Foods such as grilled chicken, kale, oatmeal, and walnuts are also great choices to keep your body running at peak performance.
3. Set Realistic Goals
One of the best pieces of advice I can give you is to set realistic goals. If you are jumping from a 5k to a marathon, remember that Rome wasn’t built in a day. You may have the heart and drive to make it to the finish line, but your body has limits.
The key to success is identifying places where you need to improve and building a training schedule around those shortcomings.
If you become winded after one mile, adding heart-pumping cardio routines into your weekly training schedule is the best way to improve. If your calves are tight balls of fire after a run, grab a jump rope and get moving.
4. Know when to take a break
Sometimes, dipping endurance happens because you aren’t training hard enough. Other times, it’s because you are training too hard and you aren’t giving your body enough time to recover.
Muscle soreness is great it means that you are challenging your muscles and training them to grow back stronger. If you don’t give your muscles time to repair all of those tiny micro-tears, you aren’t allowing enough time for your body to heal.
Overtraining causes more than just stalled muscle growth and strength, it also impacts your energy levels and endurance.
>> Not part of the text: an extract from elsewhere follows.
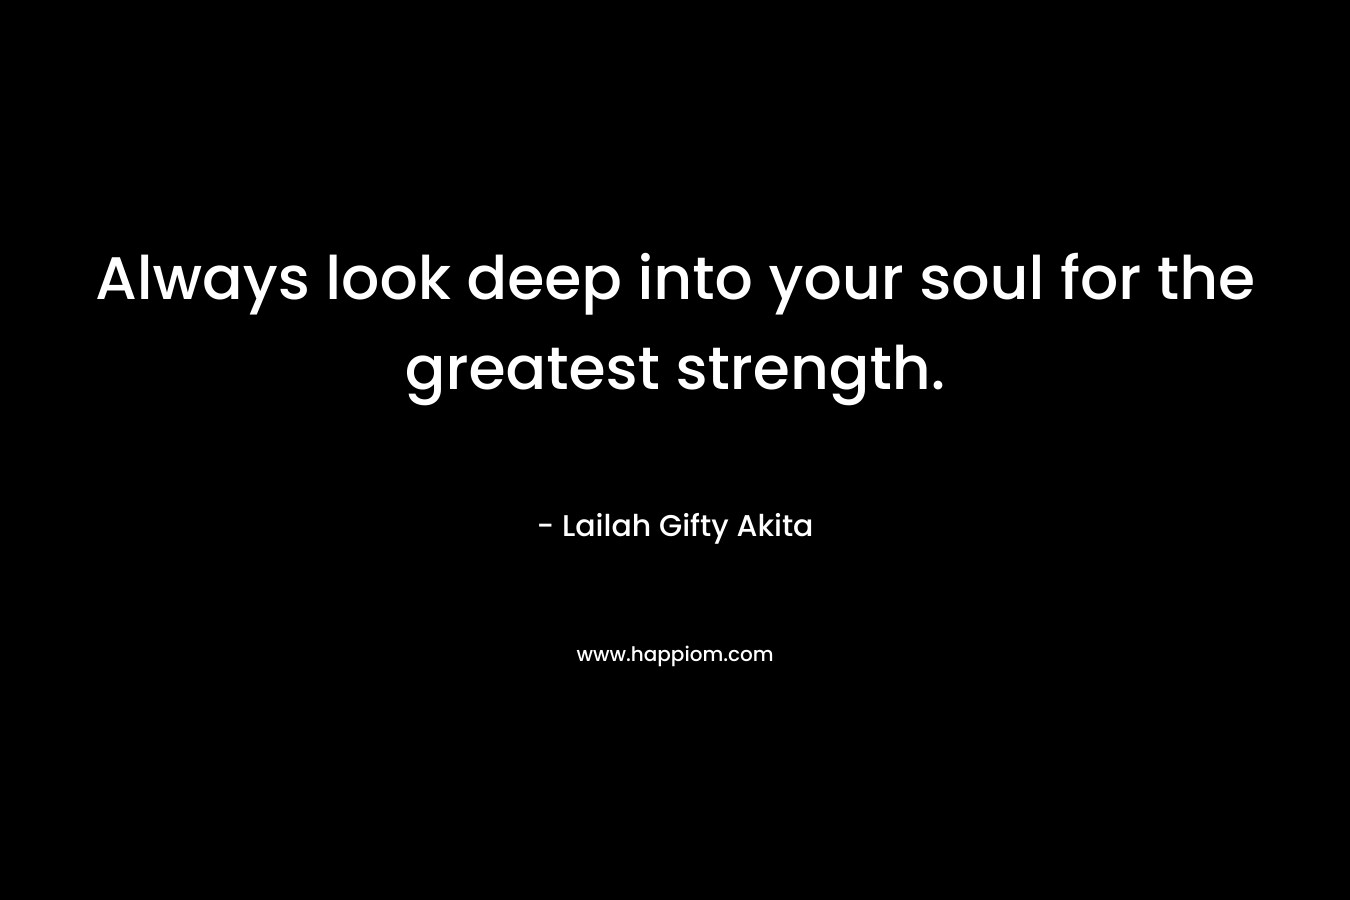 Always look deep into your soul for the greatest strength.

If you find that it’s becoming harder and harder to move through even a simple workout, it may be time to take a break.
It’s so incredibly important to listen to your body and train smarter, not harder.
How Long Will It Take to Notice A Difference?
Progress won’t happen overnight, but after a few weeks of continued training, you should start to notice a difference.
As long as you keep your training new and engaging, get enough sleep, eat the right foods, and maintain a positive attitude, you should start to notice that your daily runs will become a little bit easier.
Plus, by incorporating speedy circuit training and plyometrics, you may even notice that your laps times become faster as well!